Les dégoûtés et les dégoûtants – Chapitre 122 – « Héros de l’Impossible » : quand les défenseurs de l’indéfendable se creusent la tête…

Il y a ceux qui passent leur vie à résoudre des problèmes qui n’existent que dans leur tête, et puis il y a ces pseudos héros particulièrement absurdes : les militants qui se créent des problèmes complexes pour défendre l’inexcusable chez eux – tout en prétendant incarner des valeurs qu’ils bafouent à longueur de temps.

Le spectacle tragique des pseudos défenseurs sur-actif

Imaginez la scène : un individu commet l’inacceptable, sans même s’en rendre compte. Il est assis dans son confort moral, convaincu de son innocence, tandis que autour de lui, des « pseudos défenseurs » s’échinent à tisser des toiles d’arguments sophistiqués pour justifier l’injustifiable .

Ces pseudos défenseurs woke ont des talents extraordinaires :

  • Oublier les faits quand ils dérangent leurs narratfs ;
  • Créer des exceptions pour chaque règle qu’ils prétendent défendre habituellement ;
  • Retourner les valeurs qu’ils prétendent chérir pour qu’elles les servent ;
  • Inventer des contextes qui n’existent que dans leur imagination.

Le paradoxe populiste : « Lui, c’est différent »

Le populisme moderne a trouvé son sport préféré : défendre l’intolérable – cet art subtil d’expliquer pourquoi celui qui violerait toutes les règles qu’une société prêche est en fait le dernier bastion de ces mêmes règles.

Ce qu’ils disent

Ce qu’ils font réellement

« Les valeurs comptent »

« Sauf pour eux, bien sûr »

« On doit être cohérent »

« Sauf quand c’est eux »

« La vérité avant tout »

« Sauf si elle peut les blesser »

« La compabilité pour tous »

« Eux, c’est une exception ! Vous ne saviez pas ? »

L’aveuglement volontaire des adeptes de la croyance

Le plus drôle (ou tragique), c’est que les adeptes de la secte ne voient même pas le problème dans leurs comportements. Ils campent dans leur innocence, pendant que ses défenseurs militants mènent des olympiades rhétoriques pour protéger l’image de la secte.

« Ils ne voient pas le problème » devient « Il ne peuvent pas voir le problème » et devient, à son tour, « Il n’y a pas de problème »

Cette spirale cognitive permet aux défenseurs militants de :

  1. S’auto-glorifier comme « les seuls à comprendre la vraie nature de la secte » ;
  2. Traiter les critiques de « méchants perfides » ;
  3. Transformer l’indéfendable en « malentendu » ;
  4. Faire de l’aveuglement une vertu.

La values-washing ultime

Ces défenseurs prétendent incarner des valeurs : justice, honnêteté, transparence, responsabilité. Pourtant, leur méthode consiste à :

  • Barrer les faits inconvenants qui leur son signalé ;
  • Minimiser les impacts réels ;
  • Humaniser à l’excès au point de déshumaniser les victimes ;
  • Créer de la confusion pour noyer le poisson.

C’est du values-washing d’excellence : on pulvérise les valeurs tout en criant leur nom à chaque phrase (si ça rapelle ce qui se passe à l’intérieure de certaines entité, je n’y peux rien…).

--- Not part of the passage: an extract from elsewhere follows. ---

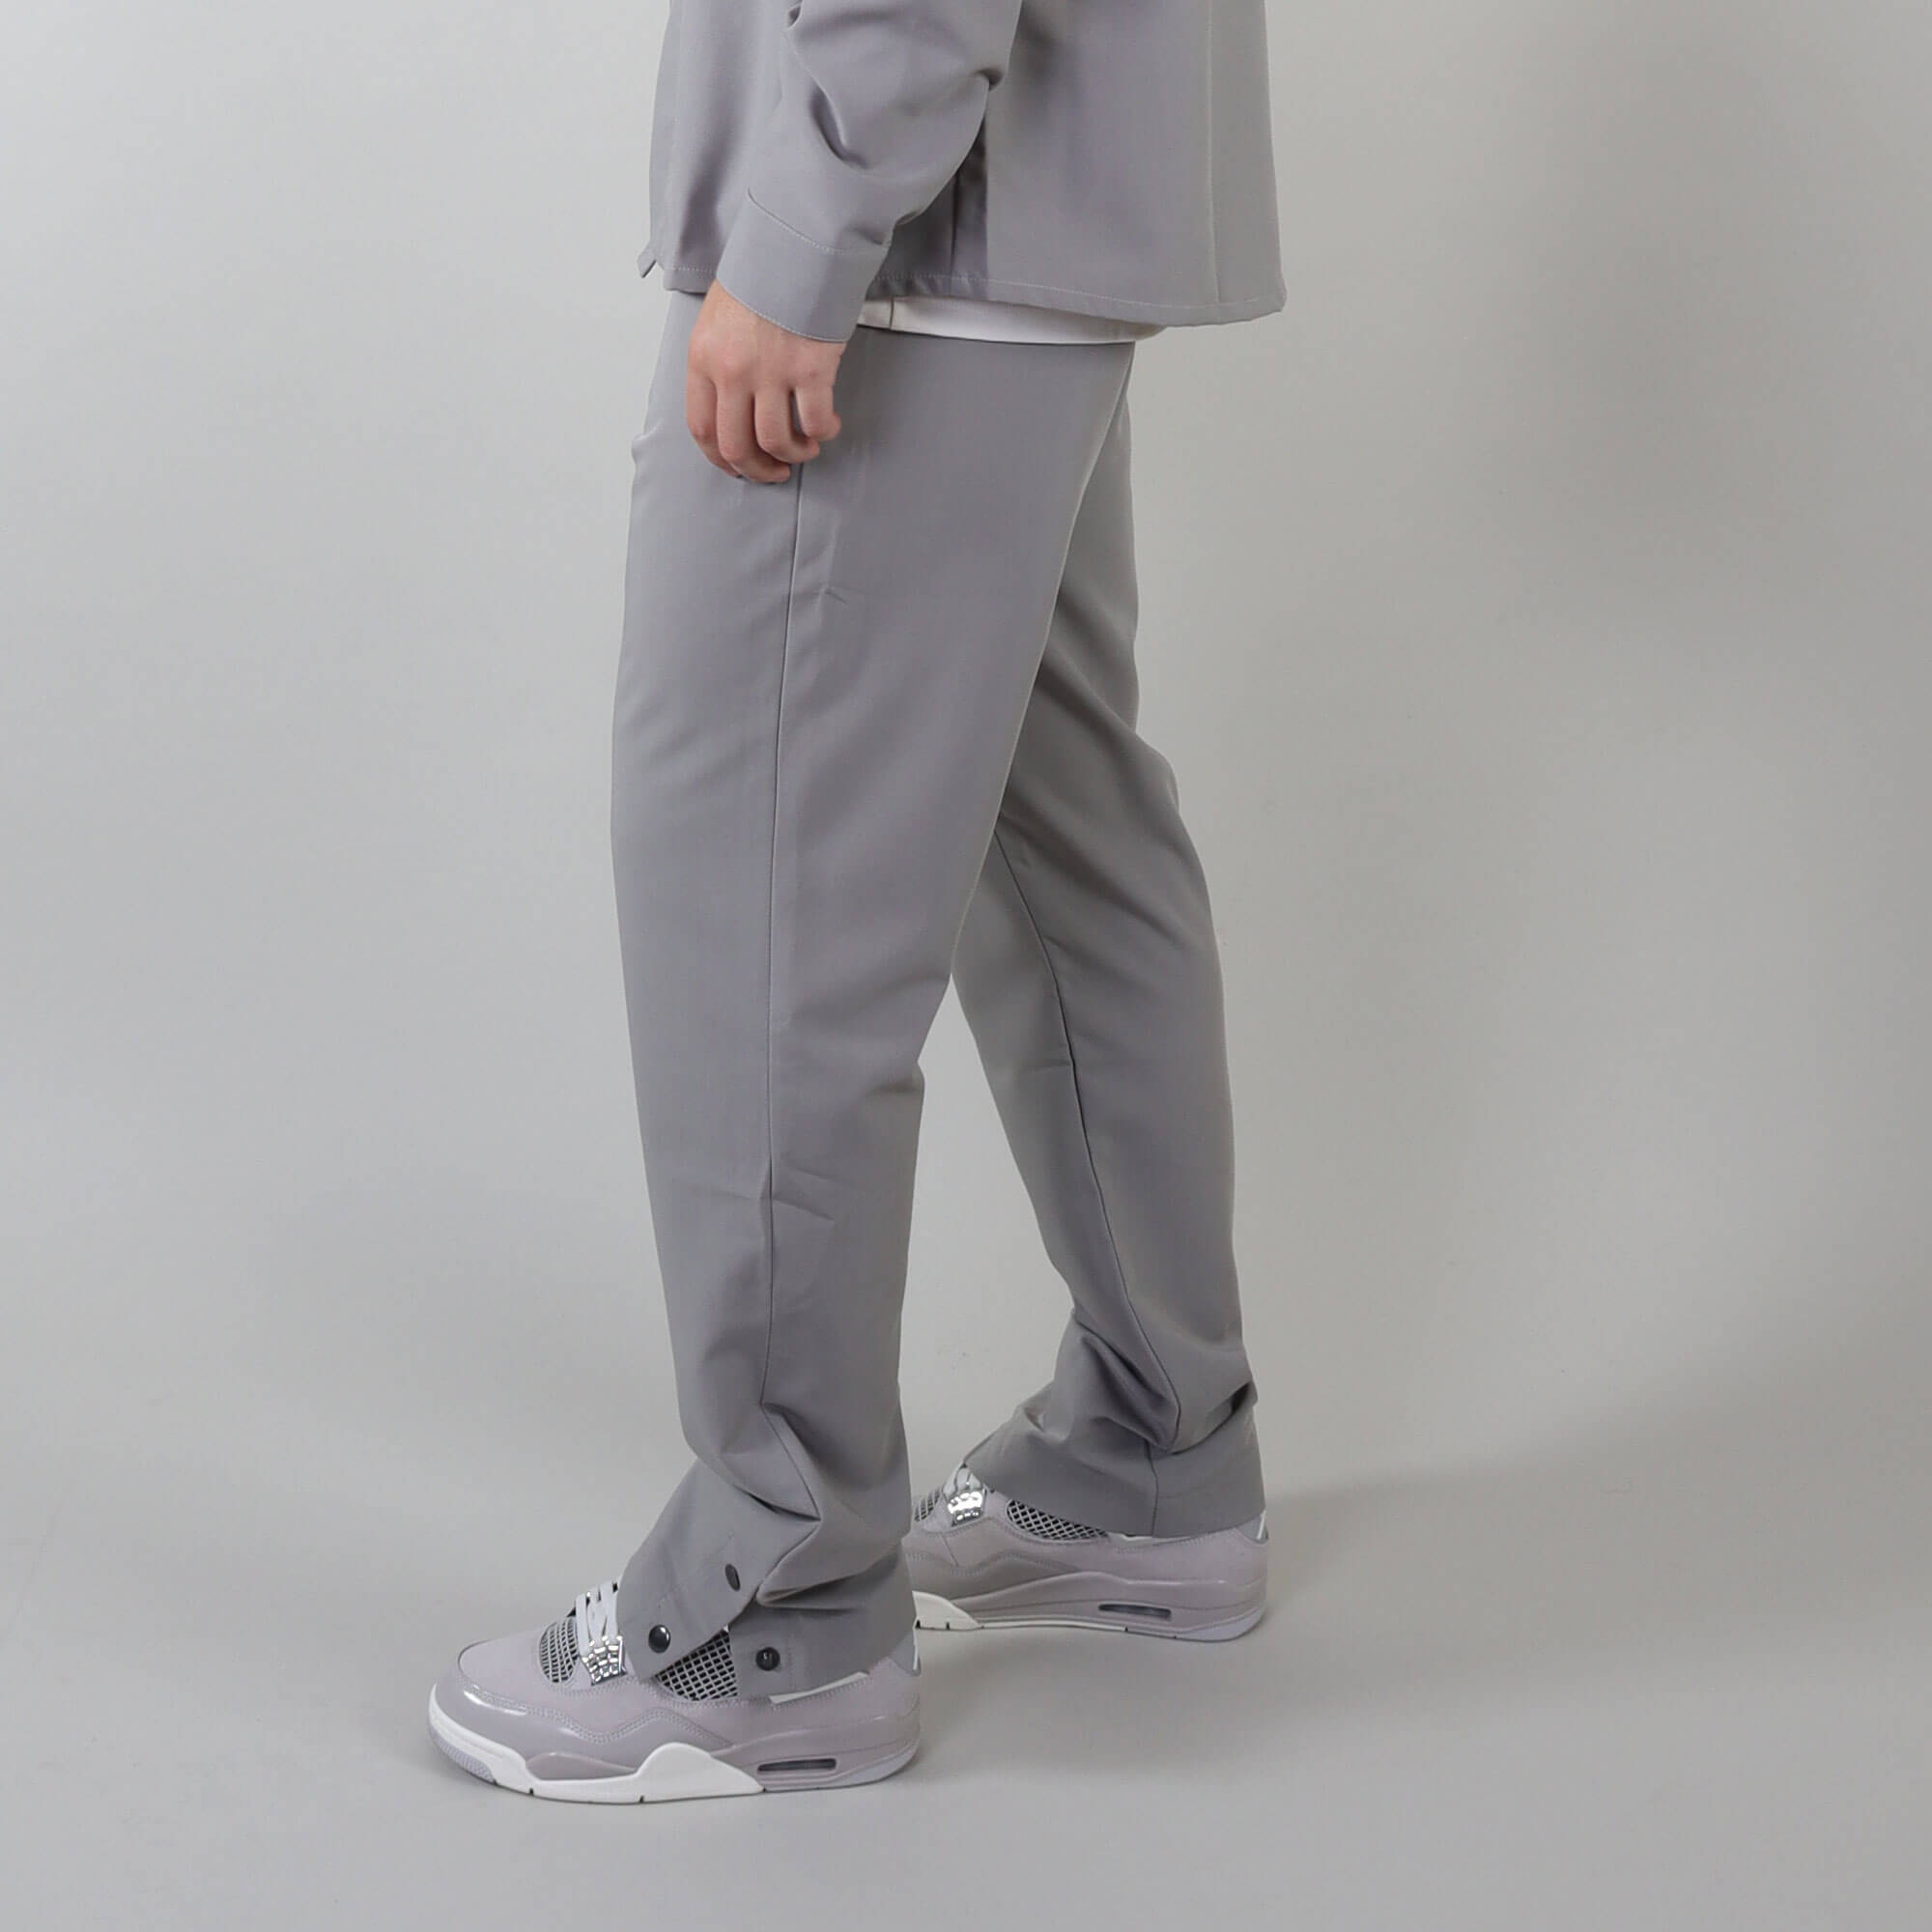 PRJCT button pants grey

Pourquoi ce spectacle nous fascine-t-il ?

Parce que c’est relatable. Chacun de nous a déjà défendu quelqu’un en se disant « c’est plus compliqué que ça ». Sauf que là, on pousse jusqu’à l’absurde : créer activement des problèmes pour résoudre un problème qui n’existe pas dans la réalité.

C’est l’art de :

  • Nicolas Cage en mode défenseur : « Je suis tellement engagé que je deviens le problème » ;
  • Le syndrome du sauveur : « Personne ne le comprend comme moi » ;
  • L’ironie involontaire : défendre l’inexcusable en prétendant défendre l’excusable.

Conclusion : le cirque continue

Alors que les intéressés dorment sur leurs deux oreilles, ignorant royalement le chaos qu’ils causent, ses prétendus défenseurs de nobles causes continuent leur danse macabre rhétorique. Ils se créent des montagnes de problèmes pour résoudre des moucherons que personne d’autre ne voit – sauf peut-être les victimes, mais chut, elles ne comptent pas dans l’équation.

Le vrai populisme, c’est peut-être de reconnaître que parfois, un de ces prétendus « défenseurs » est juste un manipulateur – et que les meilleurs défenseurs sont ceux qui arrêtent de défendre l’indéfendable pour enfin défendre les vraies valeurs : la vérité, la cohérence, et le respect des autres .

Au fond, le plus populiste, ce n’est pas de critiquer les puissants. C’est de défendre les puissants en prétendent qu’on est du peuple.